1. Introduction
Forensic anthropologists can assist with the identification of an unknown individual by constructing a biological profile by estimating sex, stature, and age at death from skeletal remains. In some jurisdictions, ancestry (sometimes referred to as race or population affinity) is also considered part of identification for historical and political reasons rather than biological reasons [
1]. There are many theoretical, methodological, and ethical problems with the continued use of these typological approaches in forensic anthropology. Theoretically, osteometric and genetic variation does not cluster in racial groups, continental origins, and national affinities—for a systemic review in forensic anthropology see [
1,
2]. Methodologically, when tested systematically using independent samples, methods perform very poorly when estimating group membership, matching premortem documents in only 36–50% of cases [
1,
3]. These poor results are consistent with some of the earliest tests of these methods beginning in the 1960s, for example, [
4]. Changes in reference samples, alternative statistical approaches, new terminology, software updates, etc., have not resulted in any improvements in providing information that could be useful in a forensic investigation [
1]. Additionally, linking sex estimation and stature estimation to group membership can make these methods more difficult to apply, while compromising accuracy and utility—see [
1,
5]. Ethically, there are at least two major problems with these typological approaches.
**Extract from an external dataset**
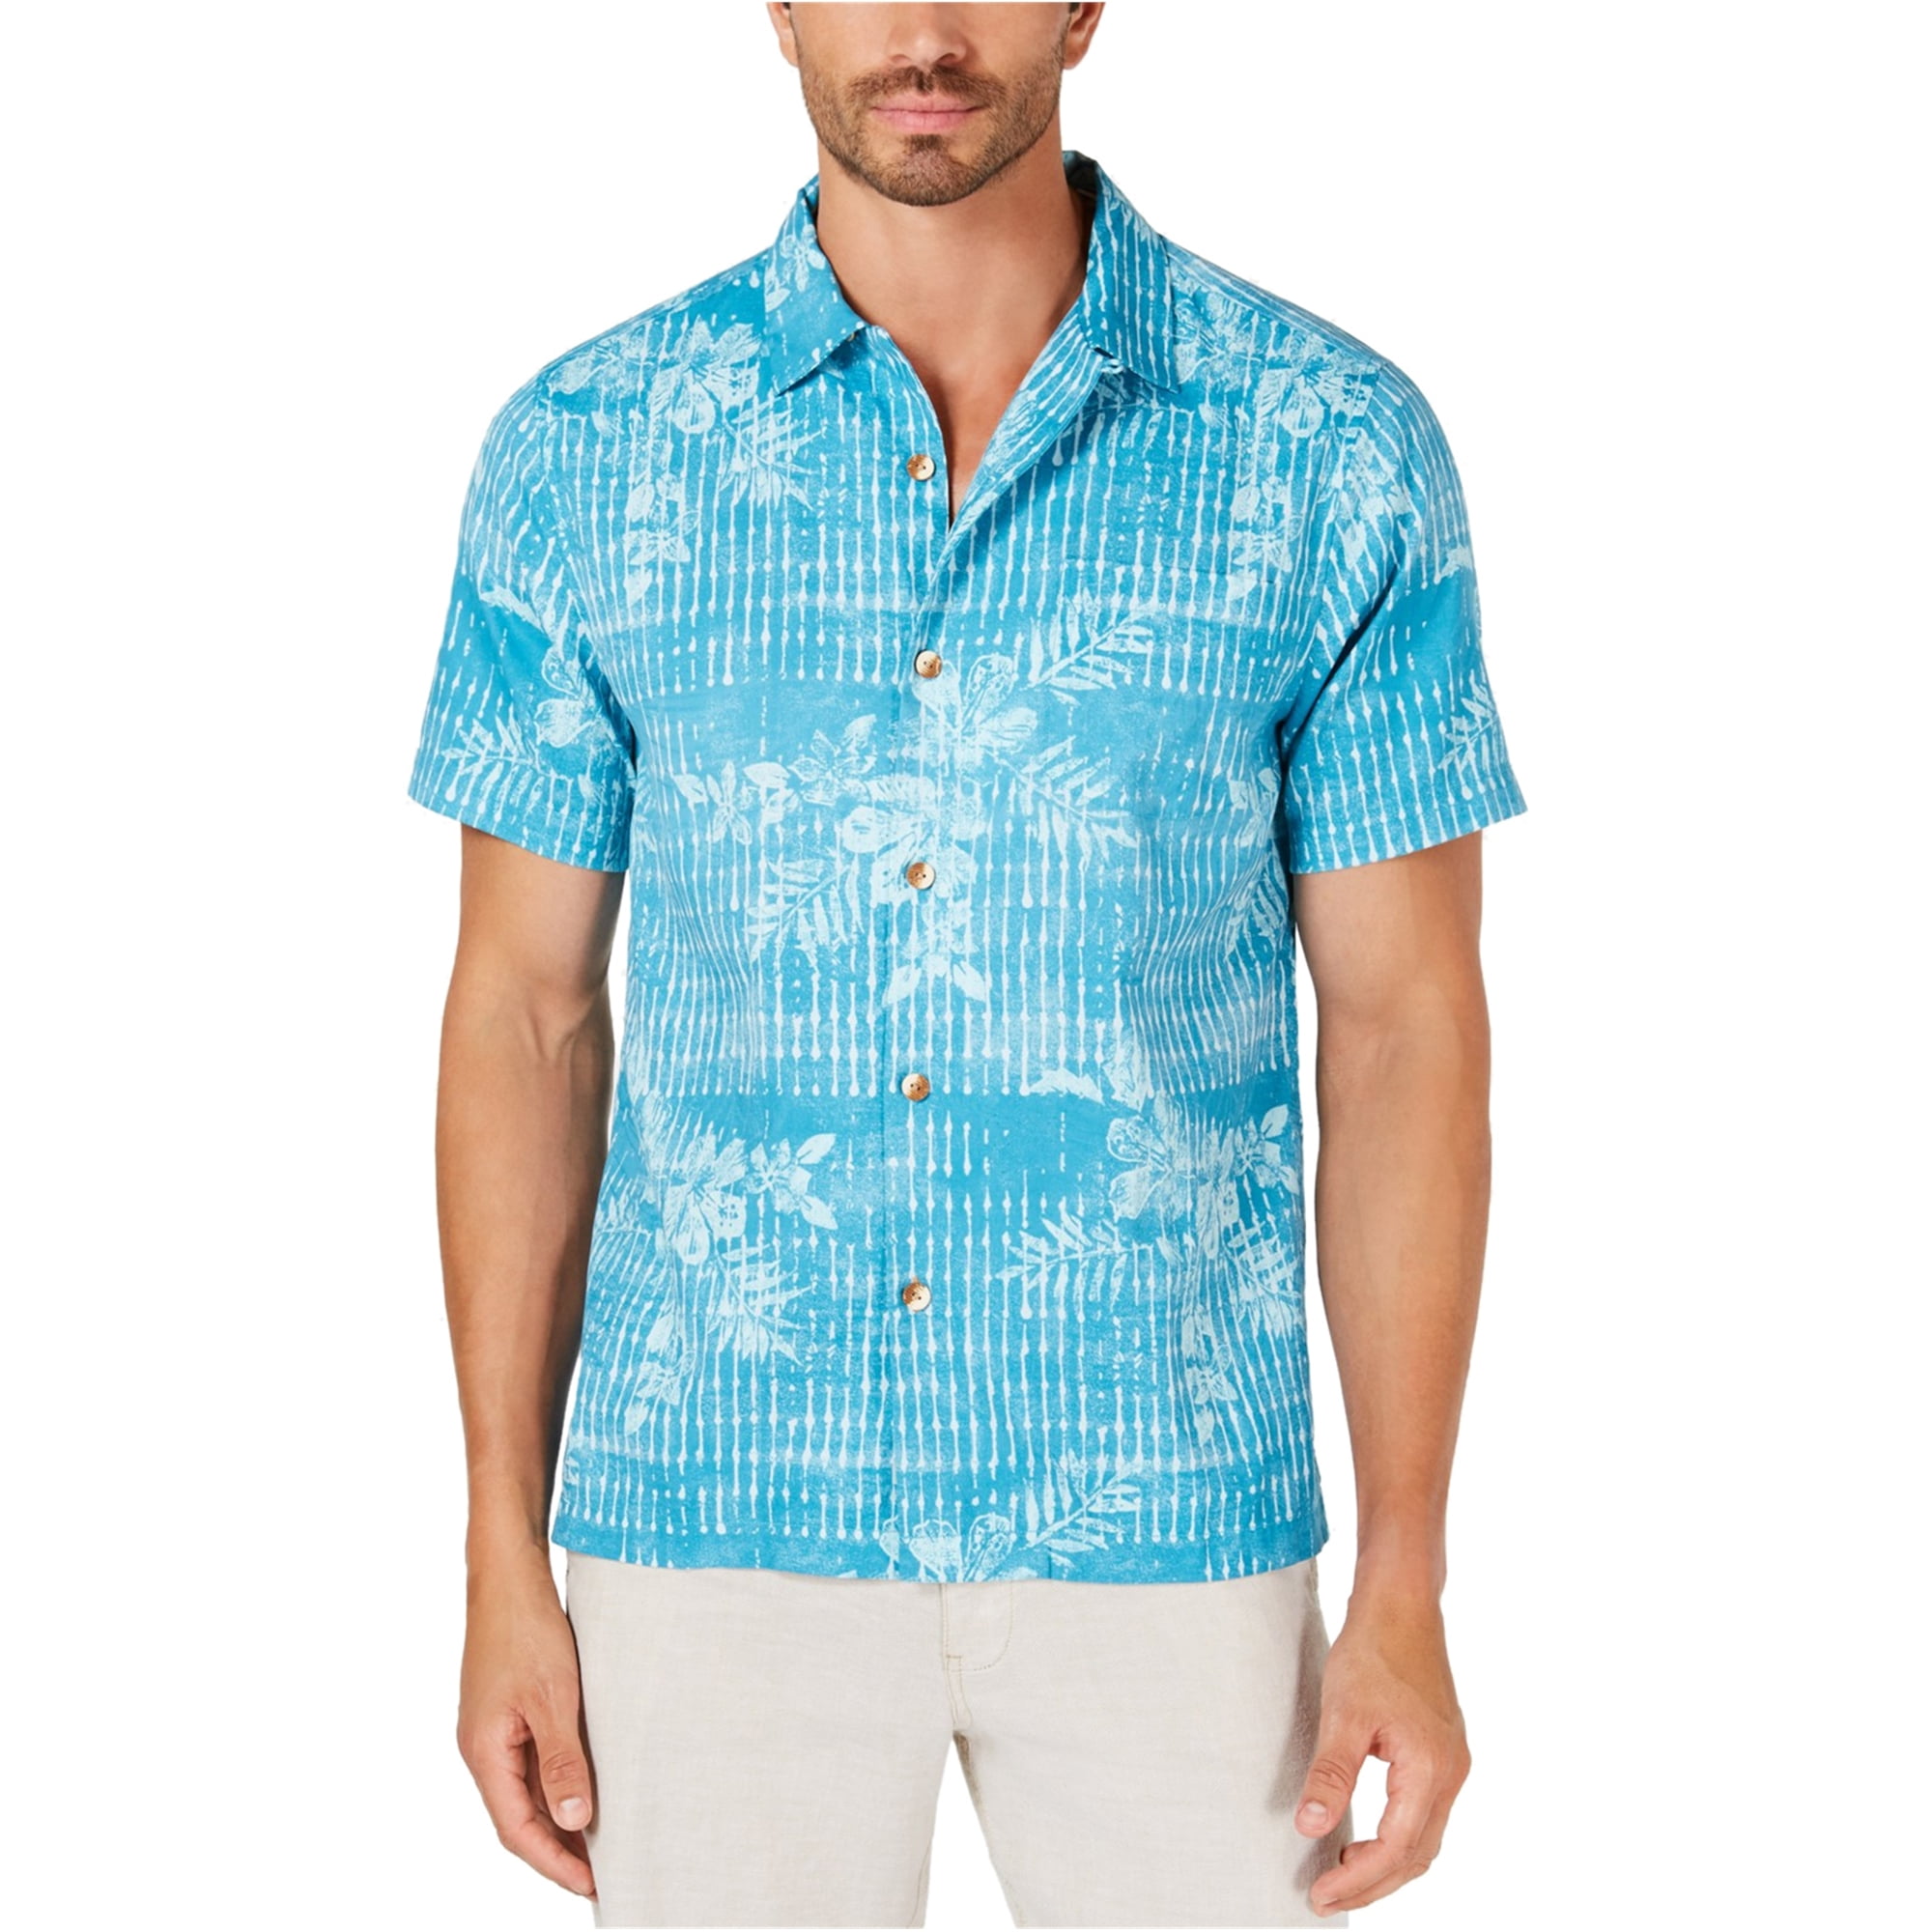 tommy bahama style shirts

First, forensic anthropologists should be using the best methods that are available and stop using methods that provide wrong information in over 50% of cases [
1,
3]. Second, the continued racialization of the dead only serves to reinforce existing power structures that marginalize the living [
6]. With a privileged place at the intersection of science and law, forensic anthropologists can have an enormous influence on how individuals and groups are racialized and marginalized by what they say and how they say it [
7].
For individual cases, assessing ancestry/race/affinity should be avoided because methods provide wrong information that would seriously compromise an investigation in the majority of cases. Forensic anthropologists should adopt a more robust protocol for identification that does not include estimating race, ancestry, or affinity [
1,
3,
6]. However, there is a need to prove that a specific group was targeted in investigations of genocide and crimes against humanity. In this paper, we present an approach to estimate group membership that can be applied to mass graves. Although mass graves are defined differently by various researchers, based on the number of individuals required for a burial site to be considered a mass grave, most researchers agree that a burial site must contain remains that are tightly packed and indiscriminately placed to be considered a mass grave [
8]. In other words, the grave is an attempt to hide the evidence of mass murder and deny the dead the locally appropriate mortuary rituals and practices and is thus a continuation of structural violence inflicted on the dead and the survivors.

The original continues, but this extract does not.